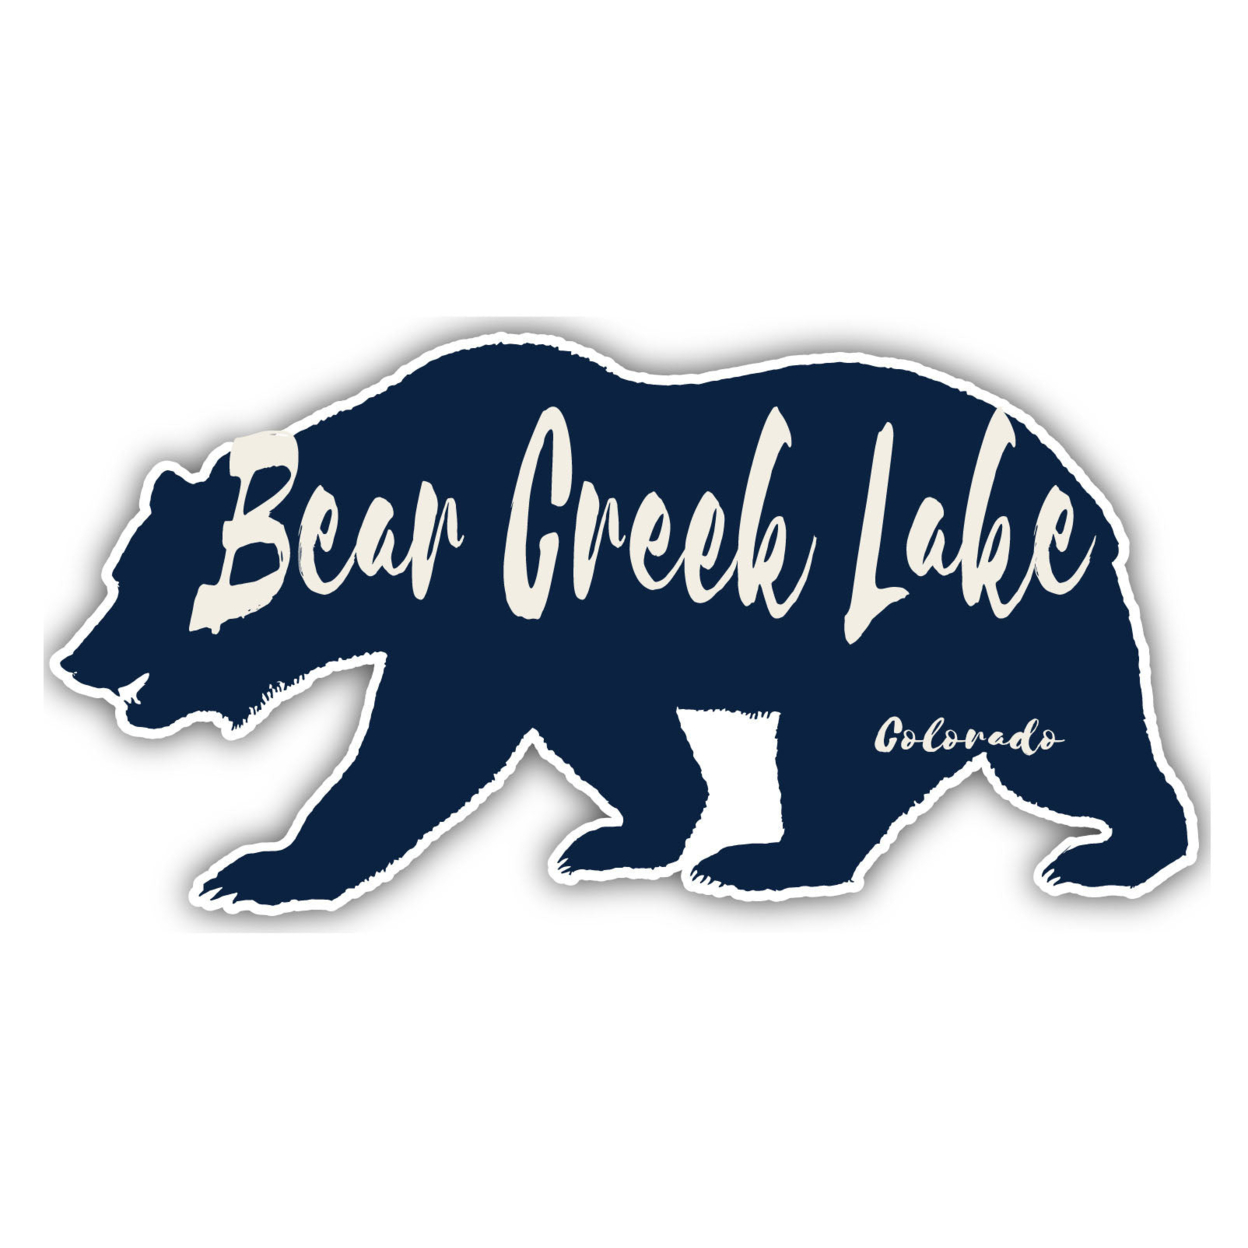 Bear Creek Lake Colorado Souvenir Decorative Stickers (Choose Theme And Size) - Single Unit, 12-Inch, Bear
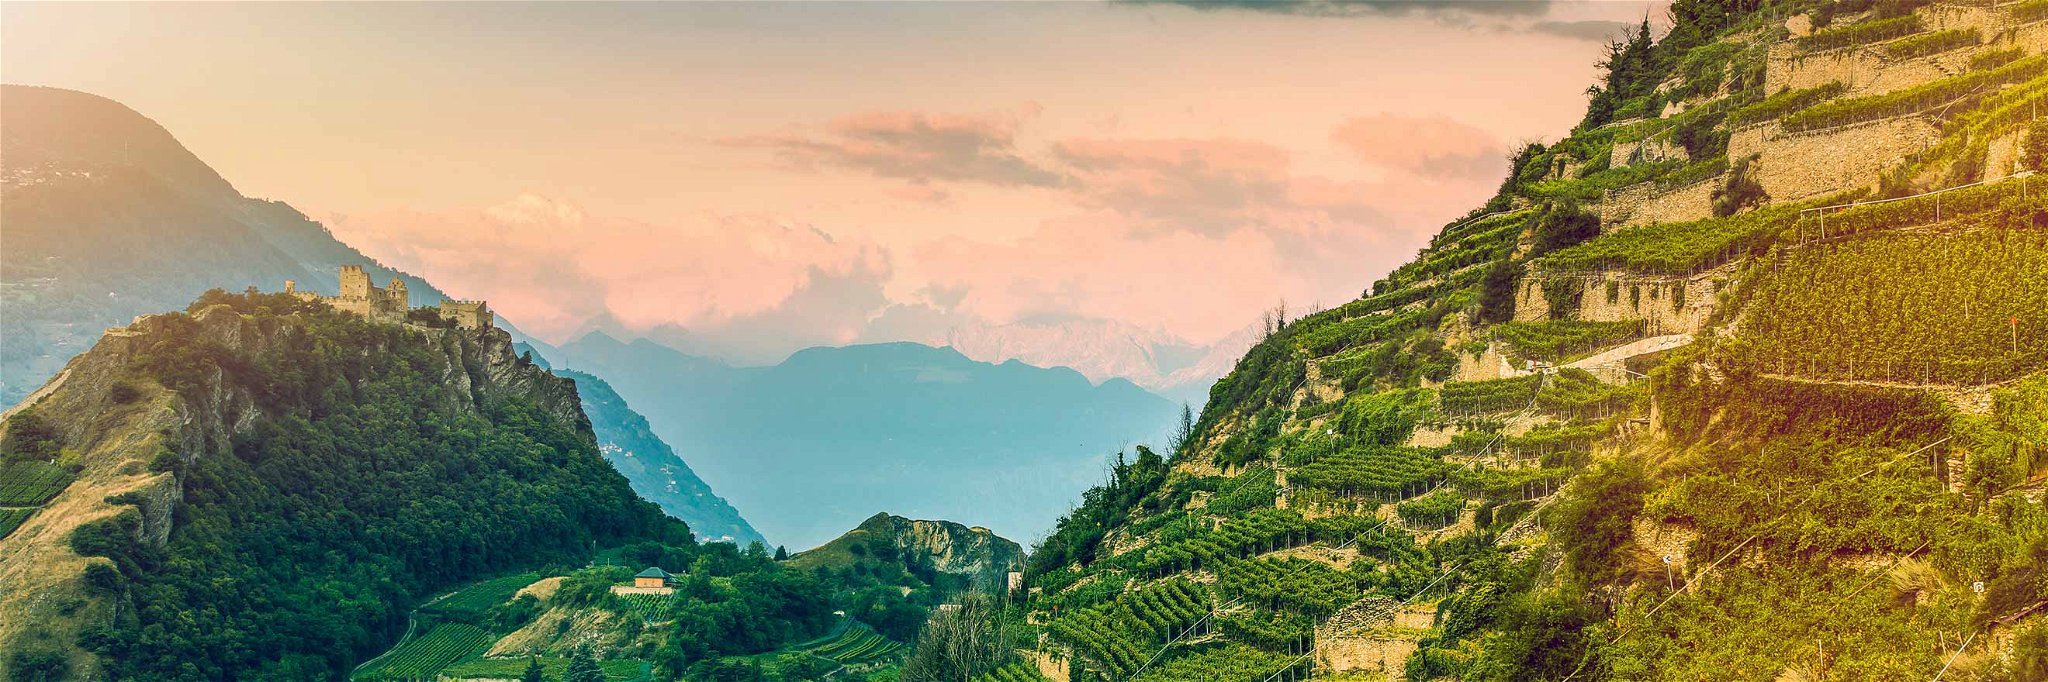 Spektakuläre Rebterrassen und der Blick auf die Alpen sind im Wallis allgegenwärtig. 
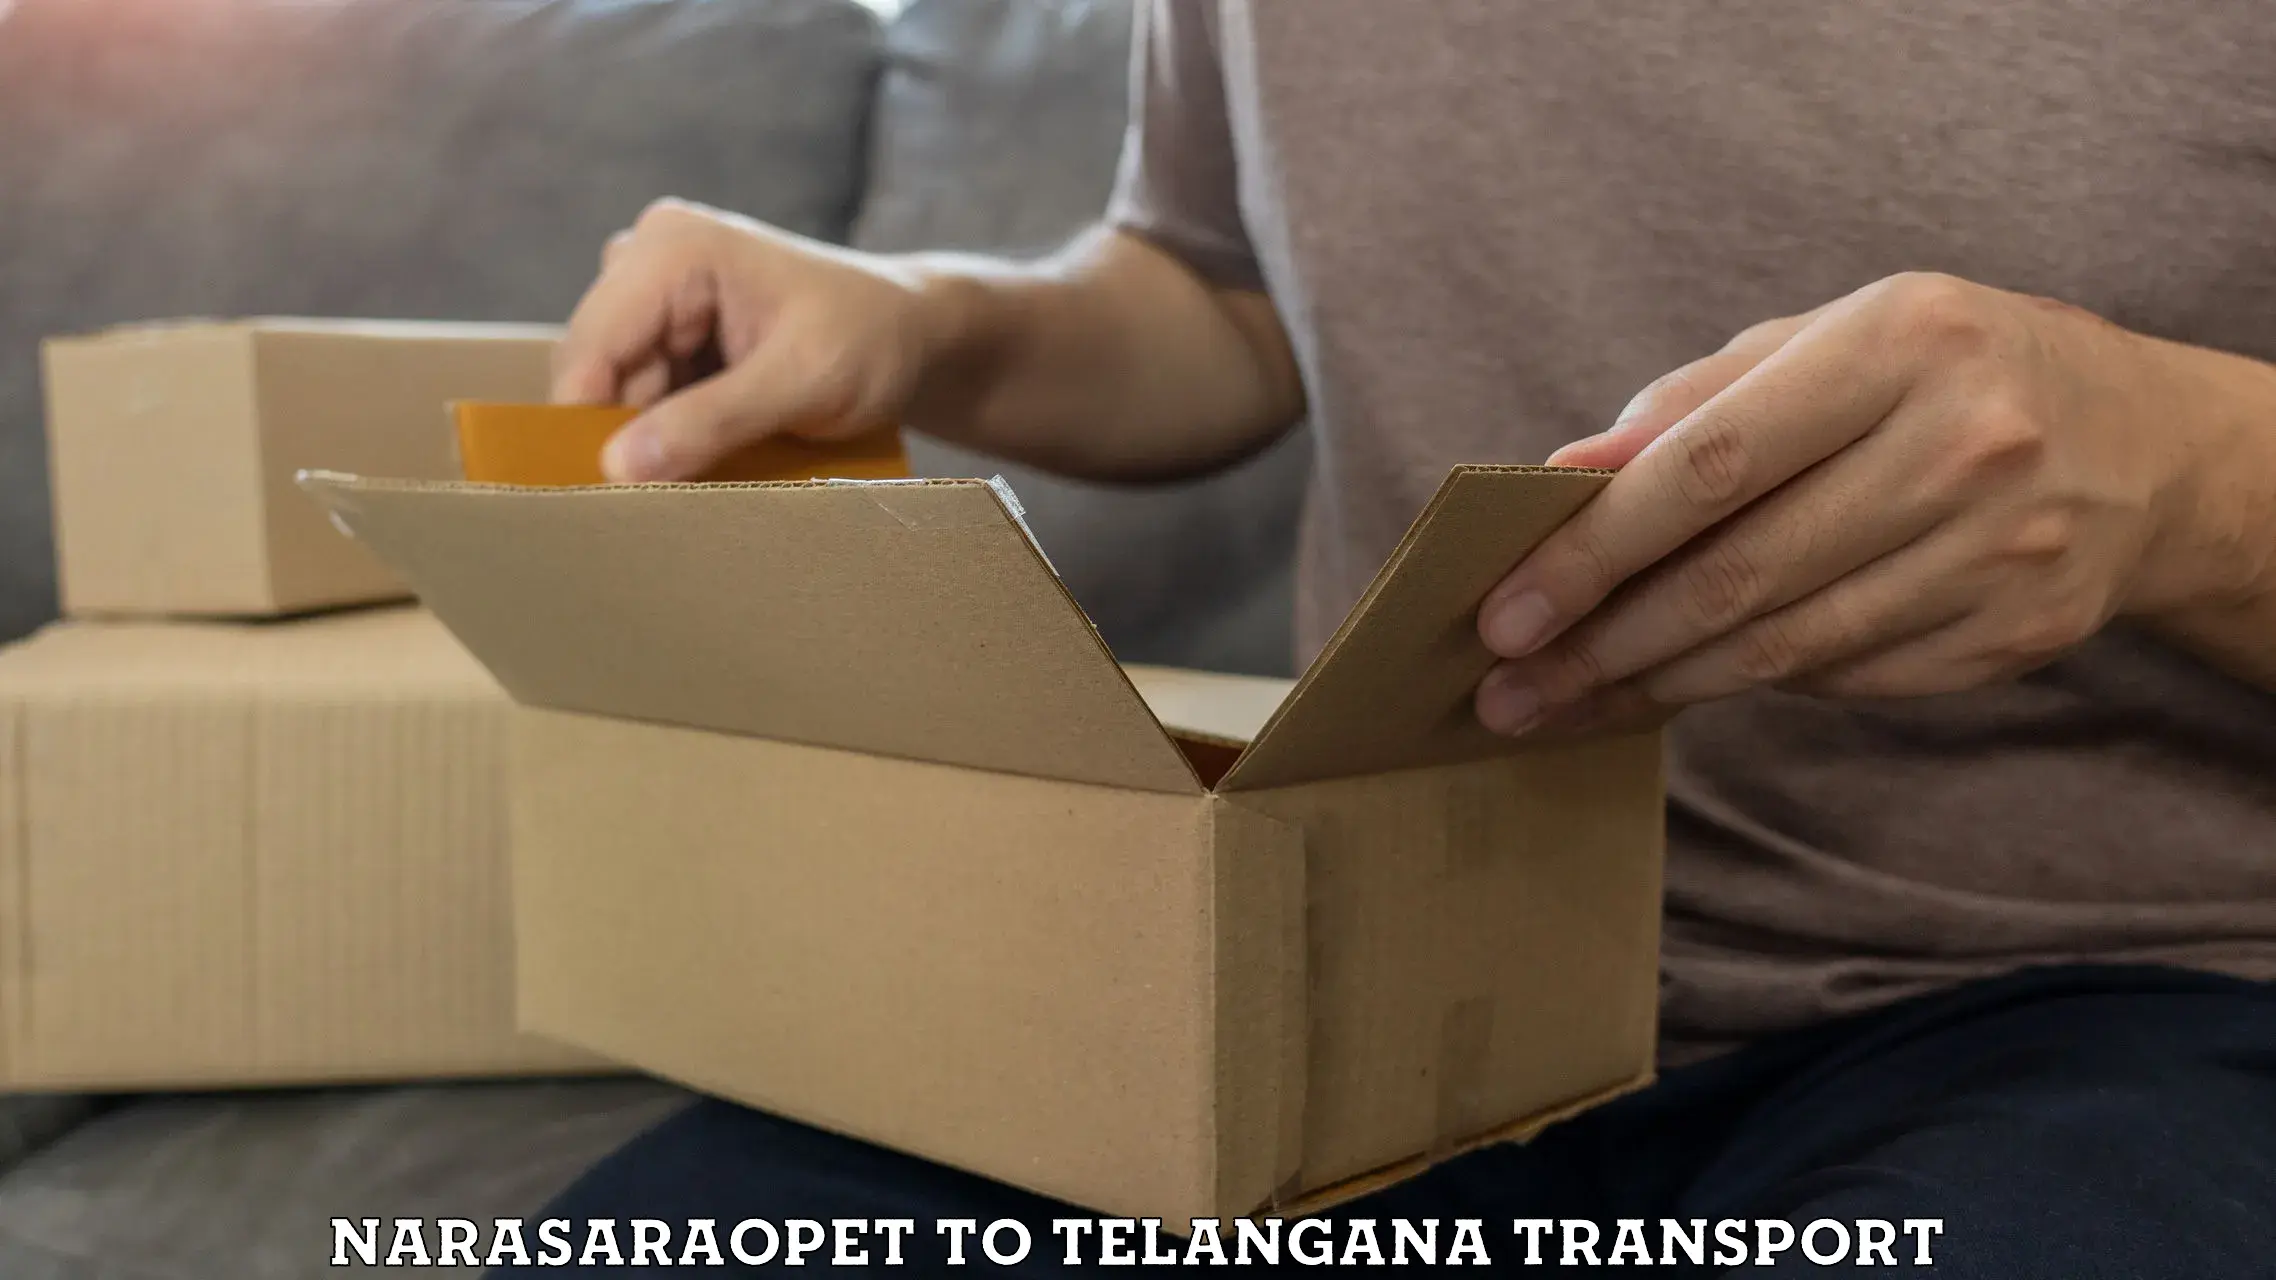 Express transport services Narasaraopet to Telangana

◆ **Assigned task**:
Every line from the one containing "Spektakuläre Rebterrassen und" through the last line of the data is to be retyped exactly, with nothing added and no pictures included.

◆ **Solution**:
 Spektakuläre Rebterrassen und der Blick auf die Alpen sind im Wallis allgegenwärtig. 
 Express transport services Narasaraopet to Telangana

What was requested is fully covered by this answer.